Proof. This result can be found in the Book of R.T. Rockafellar and R.J-B. Wets, Variational Analysis (Springer, Dordrecht 2000, ISBN: 978-3-540-62772-2) as an exercise while the proof can be found in the book of G.Beer, Topologies on Closed and Convex Closed Sets (Kluwer Academic Publishers, Dordecht 1993, ISBN: 0-7923-2531-1).

$\square$

Using Proposition 1, we arrive at the following result:

Proposition 3A : Let $\left\{C_n\right\}_n$ be a decreasing sequence of sets (i.e. $C_k \subseteq C_{k+1}$ for all $k\in\mathbb{N}$). Then:

$$ \liminf_n C_n = \bigcap_{n\in\mathbb{N}}C_n $$

Let $\left\{C_n\right\}_n$ be an increasing sequence of sets (i.e. $C_k \supseteq C_{k+1}$ for all $k\in\mathbb{N}$). Then:

$$ \liminf_n C_n = \bigcup_{n\in\mathbb{N}}C_n $$

Proof. The proof can be found at http://planetmath.org/limitofsequenceofsets.

$\square$

But then, using Proposition 2 we can see that:

Proposition 3B : Let $\left\{C_n\right\}_n$ be a decreasing sequence of sets. Then:

$$ \liminf_n C_n = \bigcap_{n\in\mathbb{N}}\overline{C_n} $$

Let $\left\{C_n\right\}_n$ be a decreasing sequence of sets. Then:

$$ \liminf_n C_n = \overline{\bigcap_{n\in\mathbb{N}} C_n} $$

Note : Rockafellar and Wets give the following example which to me seems paradoxical: Consider the constant sequence $C_v=\mathbb{Q}^p$ for $v\in\mathbb{N}$ in the normed space $\left(\mathbb{R}^p,\left\| \cdot \right\| \right)$ (with the Euclidean norm).
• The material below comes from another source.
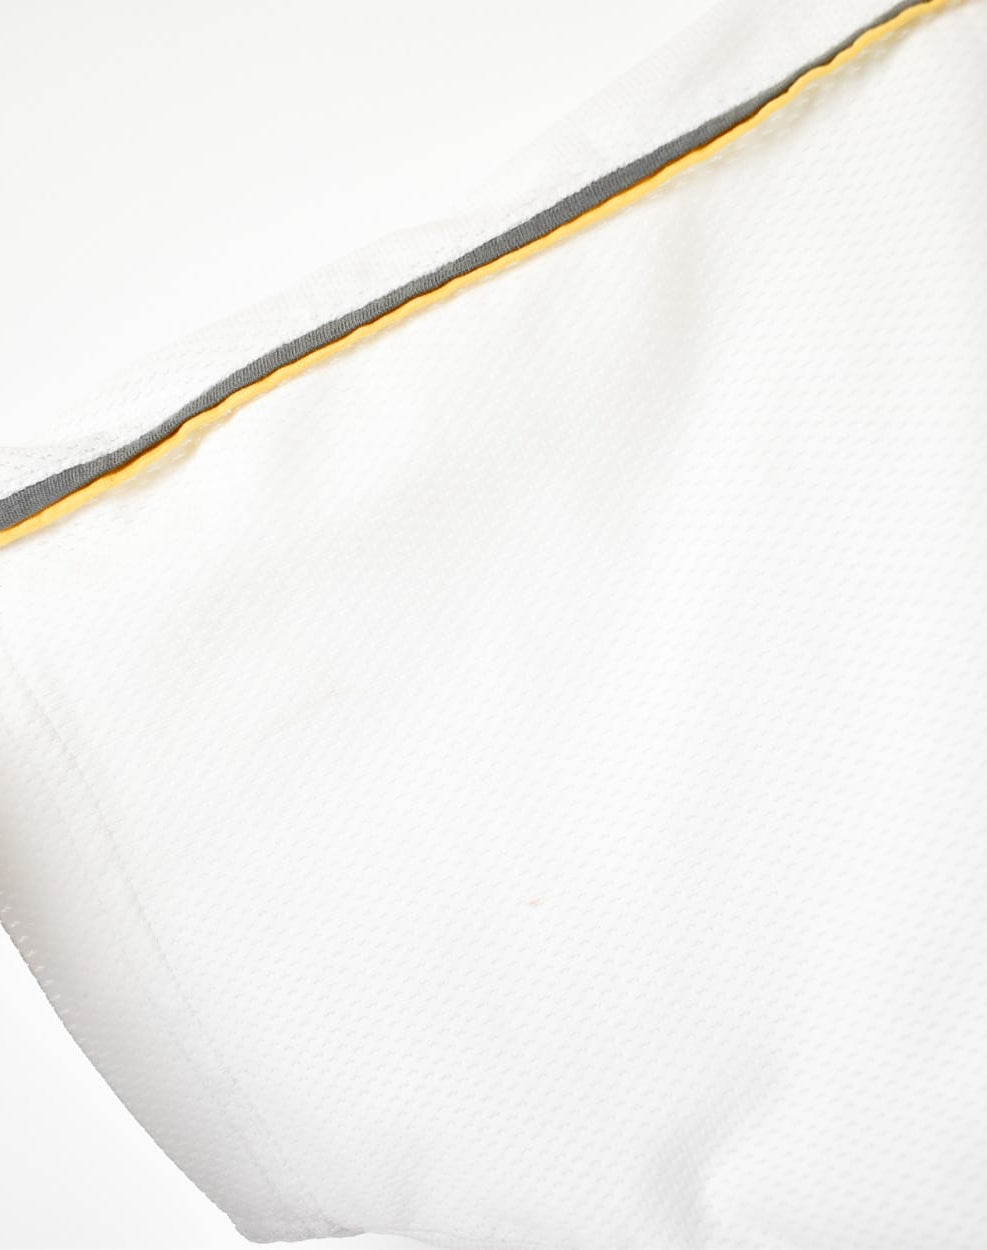 White Nike Polo Shirt - Medium

Then $\liminf_v C_v = \limsup_v C_v = \mathbb{R}^p$ (NOT $\mathbb{Q}^p$; and they underline this fact). However if we consider the element $y=\left( \pi,\pi,\ldots,\pi\right)\in \mathbb{R}^p\setminus \mathbb{Q}^p$ then for every $n\in\mathbb{N}$, $y\notin C_n$. Therefore, I would say that $y\notin \limsup_v C_v$ and $y\notin \liminf_v C_v$.

Answer 1

The definition of liminf used by Rockafellar and Wets is different from the definition you quote at the beginning of your post (which does not require any structure on the reference space, topological or anything else) hence the results are different.

The notion of liminf defined at the beginning of your post, which I will call set theoretical and denote $\mathrm{set}\!\!-\!\!\liminf$, does not require any structure on the reference space, and in particular no topology is involved. R&W's notion of liminf, which I will call topological and denote $\mathrm{top}\!\!-\!\!\liminf$, does require a topology since, according to a comment of yours, it involves convergent sequences (in your comment, $x_v\to x$) and to define convergence one needs a topology. Hence Propositions 1 and 3A on the one hand, and Propositions 2 and 3B on the other hand, are based on two different definitions of liminf. For every $(C_n)$, $$ \mathrm{set}\!\!-\!\!\liminf C_n\subseteq\mathrm{top}\!\!-\!\!\liminf C_n, $$ and these can be quite different. For example, consider the real line $\mathbb R$ equipped with the usual topology, and $C_{2n}=D$ and $C_{2n+1}=\mathbb R\setminus D$ for every $n$, where $D$ is dense and co-dense, for example $D=\mathbb Q$. Then $\mathrm{set}\!\!-\!\!\liminf C_n$ is the empty set and $\mathrm{top}\!\!-\!\!\liminf C_n$ is $\mathbb R$.